Призвав чету, императрица советовала великому князю «быть добрым по отношению к подданным и стараться заслужить их любовь. Она убеждала его жить в дружбе и согласии с супругой, много говорила о любви своей к маленькому великому князю (будущему императору Павлу I. — Н. П.) и просила его отца в знак особой искренней признательности к ней непознобить своего ребенка. Говорят, будто великий князь обещал исполнить все это».
Похороны императрицы состоялись… В гробу лежала модница, владевшая пятнадцатью тысячами платьев. В последний путь она, хотя и с померкшей красотой, отправилась такой же нарядной, какой была при жизни. Как отметила Екатерина II, «в гробу государыня лежала, одетая в серебряной робе с кружевными рукавами», имея на голове императорскую корону, на нижнем обруче с надписью: «Благочестивейшая, самодержавнейшая, великая государыня императрица Елизавета Петровна, воцарилась 25 ноября 1741 года, скончалась 25 декабря 1761 года».
Как восприняли известие о смерти императрицы современники? Покойников принято оплакивать; но в данном случае имеется в виду не обычай, а отношение подданных к своему монарху — человеку, имевшему неограниченную власть. Здесь мы располагаем тремя свидетельствами. Одно исходило от цитированного выше француза Бретейля: «Большинство горевало в душе, питая к будущему императору не любовь, но страх и робость». Барон имел в виду не простой народ, а правящую элиту, среди которой наследник престола не пользовался популярностью. Другое запечатлел в своих воспоминаниях человек, стоявший ближе к простому люду, чем холеный дипломат, общавшийся с вельможами и придворными, — артиллерийский майор Михаил Васильевич Данилов. Он писал: «По кончине ее открылась любовь к сей монархине и сожаление; каждый дом проливал по лишении ее слезы, и те плакали неутешно, кои ее не видали никогда, толико была любима в народе своем».

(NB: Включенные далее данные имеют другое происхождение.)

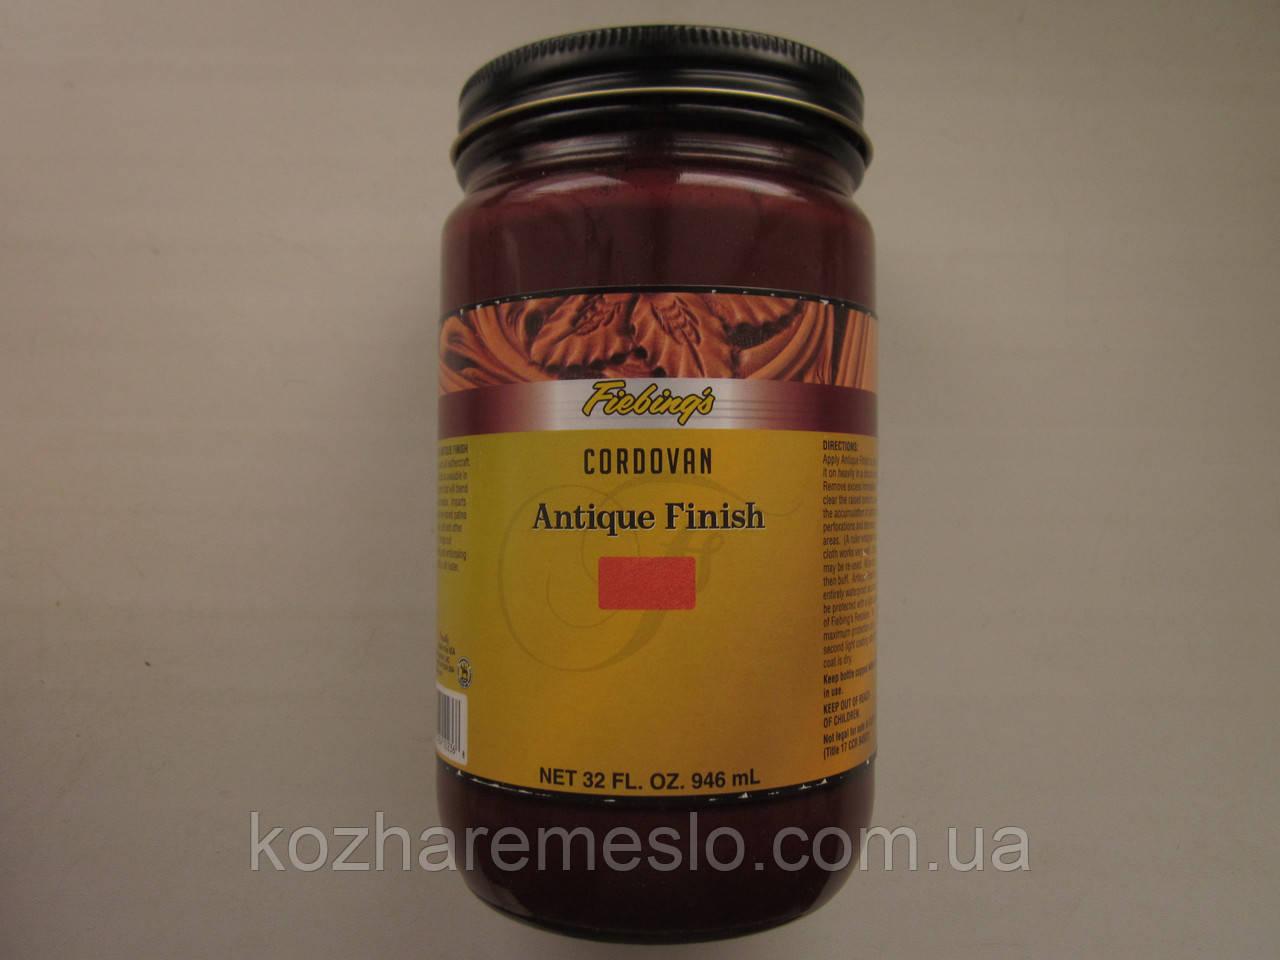 Антик - финиш FIEBING'S для кожи 50 гр cordovan (не фирменная упаковка)

А. Т. Болотов, находившийся в конце 1761 — начале 1762 года в Кенигсберге, узнал о кончине императрицы только в ночь на 2 января от встретившегося ему сторожа. «Я, — записал мемуарист, — остолбенел и более минуты не знал, что говорить и что делать. Все канцелярские наши находились в таком же смущении духа, все тужили и горевали о скончавшейся…
Родившись и проводив все дни под кротким правлением женским, все мы к оному так привыкли, что правление мужское было для нас очень дико и нове и, как сверх тот, все мы наслышались довольно об особливостях характера нового государя и некоторых неприятных чертах оного, и притом тайная связь его и дружба с королем прусским была нам отчасти ведома…» Все жили в ожидании перемен.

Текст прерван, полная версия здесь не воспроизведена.